Que le mari ne soit que pour votre vertu ;

Et que de votre cœur, de bonté revêtu,

L’amant ait tout l’amour, et toute la tendresse.

ALCMÈNE

            Amphitryon, en vérité,

Vous vous moquez, de tenir ce langage :

Et j’aurais peur qu’on ne vous crût pas sage,

Si de quelqu’un vous étiez écouté.


Molière, Amphitryon, Acte I, scène III.

 

Questions

A.     Vocabulaire (2 points)

Étude des mots suivants :

inquiétude (v. 7), ardeurs (v. 17)

 

B.     Grammaire (8 points)

a. Étude des propositions subordonnées relatives figurant dans le texte. (5 points)
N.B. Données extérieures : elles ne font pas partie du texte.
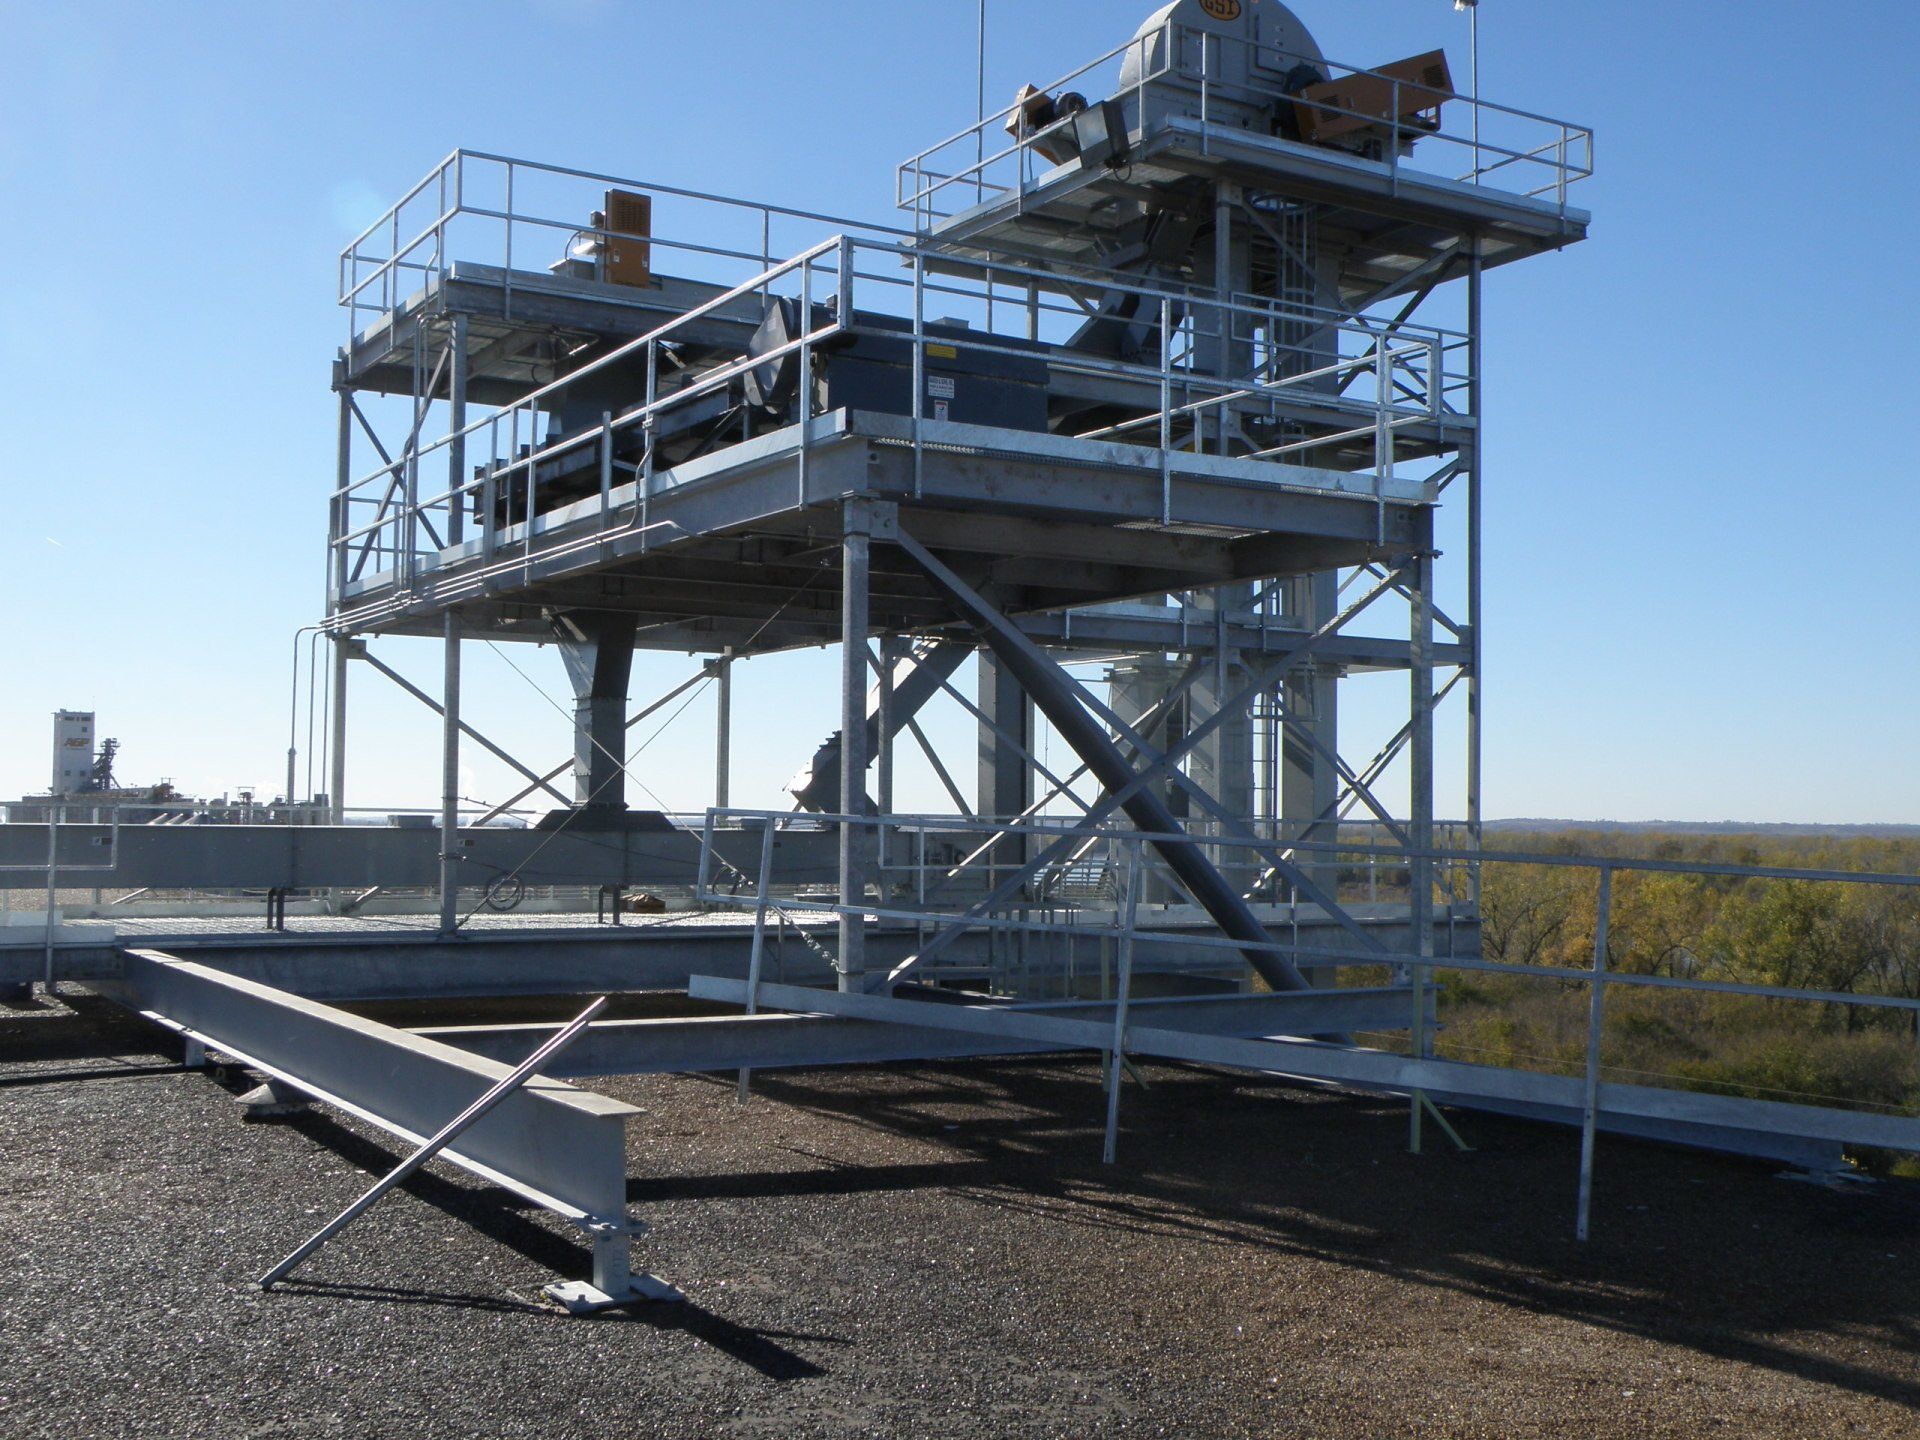 Metal Grain Platform — Grain Facility in Cedar Rapids, IA

b. Étude des formes verbales figurant dans les vers 30 et 31. (3 points)

 

C.     Stylistique (10 points)

Étude stylistique du texte.


Session 2000

 

Octave, jeune débauché au grand cœur, promet à son ami Coelio de s’entremettre pour lui auprès de la belle Marianne, mariée à un vieux barbon dont Octave est le cousin. Une relation ambiguë s’amorce entre la jeune femme, à la vertu grondeuse, et le porte-parole. Mais plustôt que d’en profiter, Octave cède à Coelio le rendez-vous nocturne que Marianne a fini par accorder…

 

Octave, seul. – Écris sur tes tablettes, Dieu juste, que cette nuit doit m’être comptée dans ton paradis. Est-ce bien vrai que tu as un paradis ? En vérité cette femme était belle et sa petite colère lui allait bien. D’où venait-elle ? C’est ce que j’ignore. Qu’importe comment la bille d’ivoire tombe sur le numéro que nous avons appelé ? Souffler une maîtresse à son ami, c’est une rouerie trop commune pour moi. Marianne ou toute autre, qu’est-ce que cela me fait ? La véritable affaire est de souper ; il est clair que Coelio est à jeun. Comme tu m’aurais détesté, Marianne, si je t’avais aimée ! comme tu m’aurais fermé ta porte ! comme ton bélître de mari t’aurait paru un Adonis, un Sylvain, en comparaison de moi ! Où est donc la raison de tout cela ? pourquoi la fumée de cette pipe va-t-elle à droite plutôt qu’à gauche ? Voilà la raison de tout. – Fou ! Trois fois fou à lier, celui qui calcule ses chances, qui met la raison de son côté ! La justice céleste tient une balance dans ses mains.  La balance est parfaitement juste, mais tous les poids sont creux. Dans l’un il y a une pistole, dans l’autre un soupir amoureux, dans celui-là une migraine, dans celui-ci il y a le temps qu’il fait, et toutes les actions humaines s’en vont de haut en bas, selon ces poids capricieux.

 

De Musset, Les Caprices de Marianne, Acte II, Scène 4.

 

Questions

1.      Lexicologie (2 points)

Étudier les mots ou groupes de mots suivants : un paradis, rouerie

 

2.      Grammaire (8 points)

a.       Étudier la forme et l’emploi des déterminants et des pronoms démonstratifs dans l’ensemble du texte (6 points)

b.      Expliquer l’emploi du morphème de dans la construction suivante : ton bélître de mari. (2 points)

 

3.      Stylistique (10 points)

Présenter un commentaire organisé des procédés stylistiques du texte.